The red room was active. But how? She had carefully chipped away at their defenses, using the methods that had been drilled into her, assassinating the group as if they were a real live person. The refugees had been administered into S.H.I.E.L.D. 's recuperation program. So what had happened with Peter Parker? Why? She glanced down at the picture again, wondering if this kid had changed as much as she had and hoped there was even the slightest chance he could be brought back into the light.

---

Peyta grimaced at the bustle and hustle of downtown Miami, slipping past a group of giggling college girls and ducking into a small convenience store to change his appearance in the bathroom. He estimated that he had about an hour before a warning was released about him.

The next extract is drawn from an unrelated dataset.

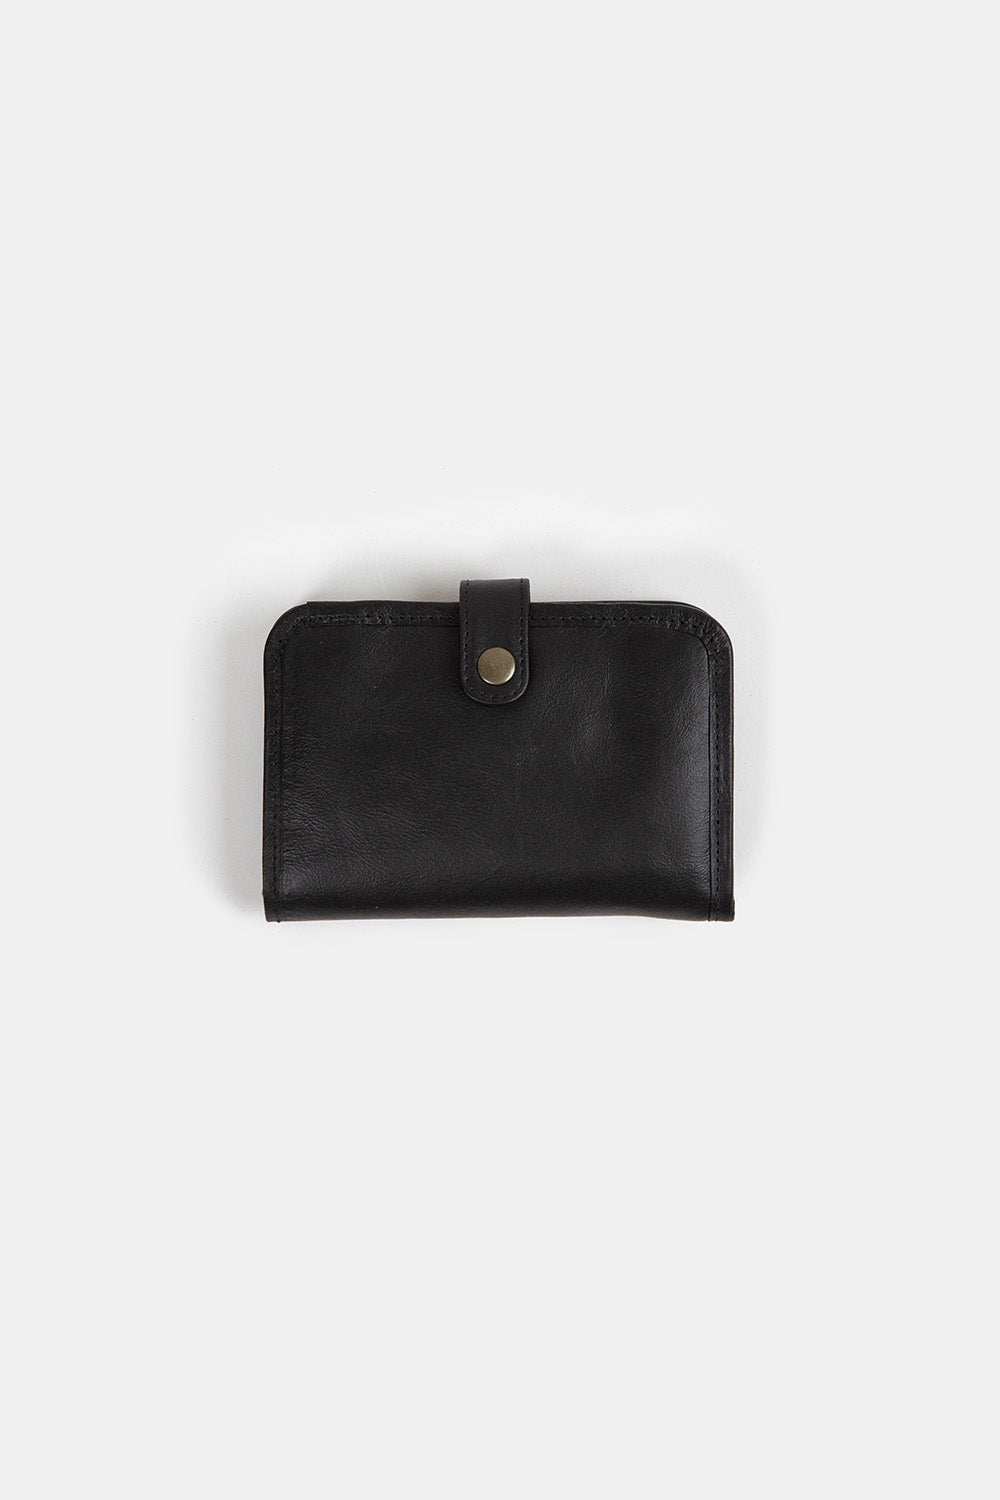 Eliot Leather Wallet In Black

Silently and carefully, he zipped up a black jacket, pulling on a pair of jeans and covering up the graphic t-shirt that made him look like the teenager he was. He frowned, staring into the stained and cracked mirror of the small bodega bathroom. The manic little voice whispered in his brain, bading him to take a shard and use it on himself, just to see the blood. He bit his cheek, wondering if Stark's blood would have the metallic smell that the others did.

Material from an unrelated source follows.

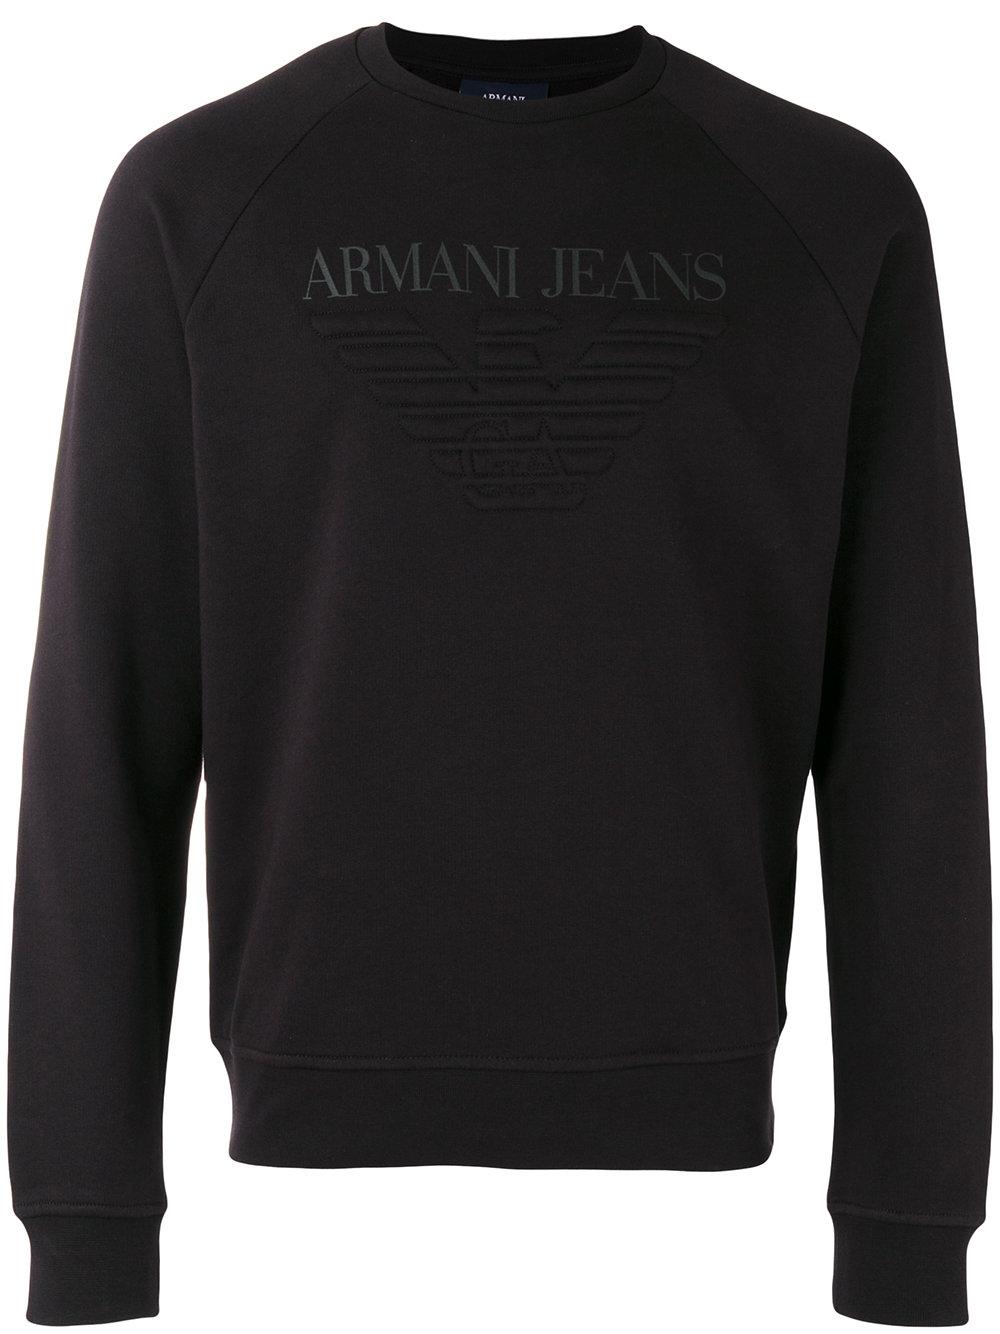 Armani jeans Logo Print Sweatshirt in Black for Men | Lyst

He returned back to the beach cautiously, if only to grab a suitcase secreted in a bed of ferns that lined the beach. How the officers had not found it in their search, he didn't know. He didn't particularly care enough to figure out either. A family walked past him, the children chattering about their day, the explosion and anything they could see. He gave the father a smile, as see-through as the water on the beach to him, but deeper down was murky and filled with dark intentions.

Did he ever talk like that? Peyta pondered. If he had not lived this life, would he have lived as a normal teenager, filled with trivial thoughts, wonderings and ideas, doomed to tell everyone like those children? Would he have had a relationship with a girl, yearning for her like in those films he watched in the motel? He shook his head, walking down the sidewalk and ignoring the girls who giggled into their phones.

He had to find some place that he could check in. They were not going to be pleased with what was his second failure in their eyes. The explosion was never met to hurt anyone. He had scoped out the mansion, keeping track of the security and cleaning personnel to strike at the most opportune time. It was a scare tactic. He knew that Tony Stark would be ushered into his safe house on Isle of Palms in South Carolina. There, he would pose as a college kid on his spring break, and sneak into Stark's safehouse once more.

He gave a small and devilish smirk, picturing the rewards he would receive when he completed his task. Peyta would be lauded greatly, maybe even given a command of his own. But he wouldn't be freed. He frowned suddenly. Peyta had travelled many places for his secretive clientele and handlers, but he had never truly been able to fully appreciate and experience the places he went.

He shook his head and focused back on his plan. The explosion would also scare S.H.I.E.L.D. This would put more pressure on Barton and Romanova to find him. One of them would get sloppy- he was sure of it.

Peyta contemplated how he would kill Tony Stark. Although his inner animal longed for pain, he refused it. Perhaps poison was a good way to go again. Maybe something little known. Thallium was found in small traces in many home grown vegetables, and the small house near the beach had a garden in the backyard. If he injected three of the same kind of fruit, maybe that would work. He groaned to himself. Too many things could go wrong.

Finally, Peyta let the growling and bloodthirsty animal loose. He pictured the laboratory filled with ideas that could bring about world domination if it fell into the wrong hands burning, and he wondered what it would take to do that. Gasoline was plentiful inside Tony's garage, used for his many luxury vehicles. The garage... Yes... Carbon monoxide poisoning was common in closed garages when people started their car. That could work. Completely unsatisfying, but it had the most probability of success.